Dense Subgraph Discovery Meets Strong Triadic Closure
Chamalee Wickrama Arachchi, Iiro Kumpulainen, Nikolaj Tatti
TL;DR
The paper addresses dense subgraph discovery under the strong triadic closure (STC) constraint by labeling edges as strong or weak and maximizing q(U,L) = {m_s(U,L) + λ m_w(U,L)}/{|U|} with λ ∈ [0,1]. It proves NP-hardness for 0 ≤ λ < 1 and shows λ=1 yields a polynomial-time densest-subgraph formulation, while λ=0 corresponds to Max-Clique; to solve STC-den, it presents an exact ILP (STC-ILP), an LP-relaxation (STC-LP) with rounding, and four practical heuristics including STC-Cut, STC-Peel, and a continuous-relabelling peeling variant.

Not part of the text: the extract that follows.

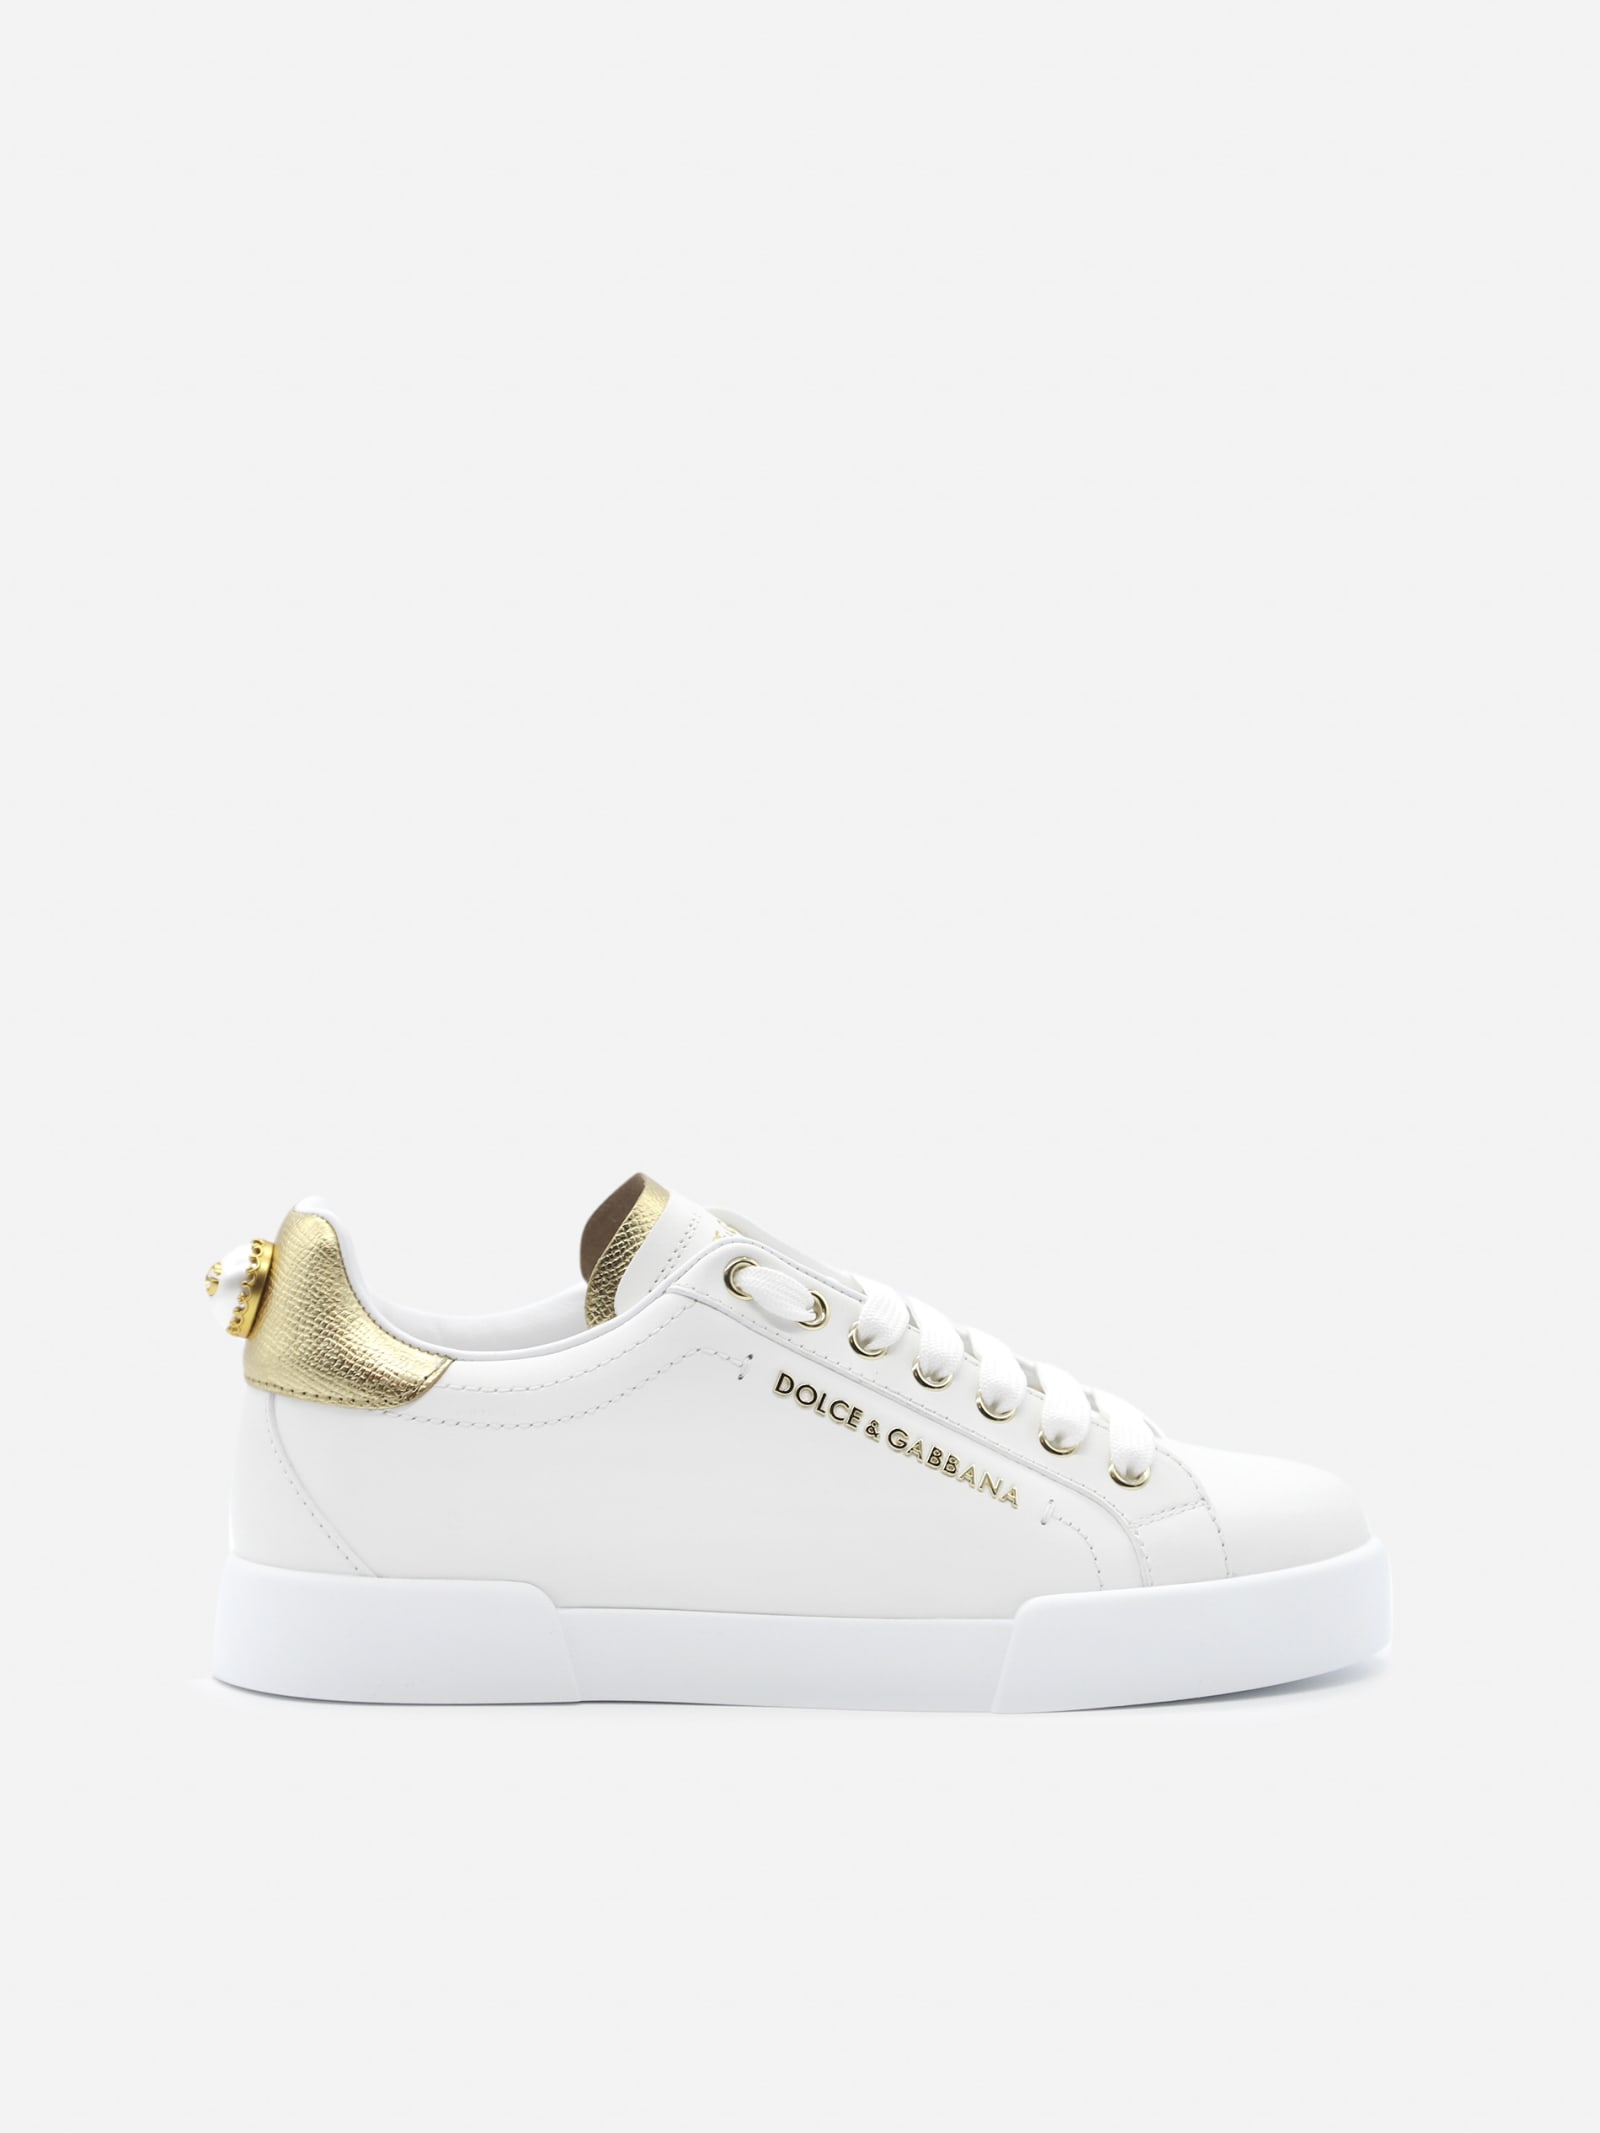 Buy Dolce & Gabbana Portofino Sneakers In Leather With Contrasting Inserts online, shop Dolce & Gabbana shoes with free shipping

Empirical results on synthetic and real networks demonstrate that the methods can recover ground-truth dense components, with STC-ILP delivering the best scores on small graphs and STC-Cut/STC-Peel offering scalable performance on larger networks; a DBLP case study confirms the approach yields interpretable, densely connected, STC-compliant subgraphs. Overall, the work provides a principled framework combining STC with density optimization, enabling robust community-like subgraph discovery and suggesting directions for extending to other density notions and weighted settings.
Abstract
Finding dense subgraphs is a core problem with numerous graph mining applications such as community detection in social networks and anomaly detection. However, in many real-world networks connections are not equal. One way to label edges as either strong or weak is to use strong triadic closure~(STC). Here, if one node connects strongly with two other nodes, then those two nodes should be connected at least with a weak edge. STC-labelings are not unique and finding the maximum number of strong edges is NP-hard. In this paper, we apply STC to dense subgraph discovery. More formally, our score for a given subgraph is the ratio between the sum of the number of strong edges and weak edges, weighted by a user parameter $λ$, and the number of nodes of the subgraph. Our goal is to find a subgraph and an STC-labeling maximizing the score. We show that for $λ= 1$, our problem is equivalent to finding the densest subgraph, while for $λ= 0$, our problem is equivalent to finding the largest clique, making our problem NP-hard. We propose an exact algorithm based on integer linear programming and four practical polynomial-time heuristics. We present an extensive experimental study that shows that our algorithms can find the ground truth in synthetic datasets and run efficiently in real-world datasets.